### Recorded information
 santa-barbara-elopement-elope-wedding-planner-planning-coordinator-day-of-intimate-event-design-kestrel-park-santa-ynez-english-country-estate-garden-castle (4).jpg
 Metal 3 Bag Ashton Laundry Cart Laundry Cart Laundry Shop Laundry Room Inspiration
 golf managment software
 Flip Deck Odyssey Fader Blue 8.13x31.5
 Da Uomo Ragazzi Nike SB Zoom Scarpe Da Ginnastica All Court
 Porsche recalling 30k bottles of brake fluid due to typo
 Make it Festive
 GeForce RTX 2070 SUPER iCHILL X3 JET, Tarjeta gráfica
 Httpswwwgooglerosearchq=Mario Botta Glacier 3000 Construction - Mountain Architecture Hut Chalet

### Exercise details
Everything from the line containing "Da Uomo Ragazzi" through the last line of the records must be given again exactly; leave out all other lines.

### Result for this exercise
 Da Uomo Ragazzi Nike SB Zoom Scarpe Da Ginnastica All Court
 Porsche recalling 30k bottles of brake fluid due to typo
 Make it Festive
 GeForce RTX 2070 SUPER iCHILL X3 JET, Tarjeta gráfica
 Httpswwwgooglerosearchq=Mario Botta Glacier 3000 Construction - Mountain Architecture Hut Chalet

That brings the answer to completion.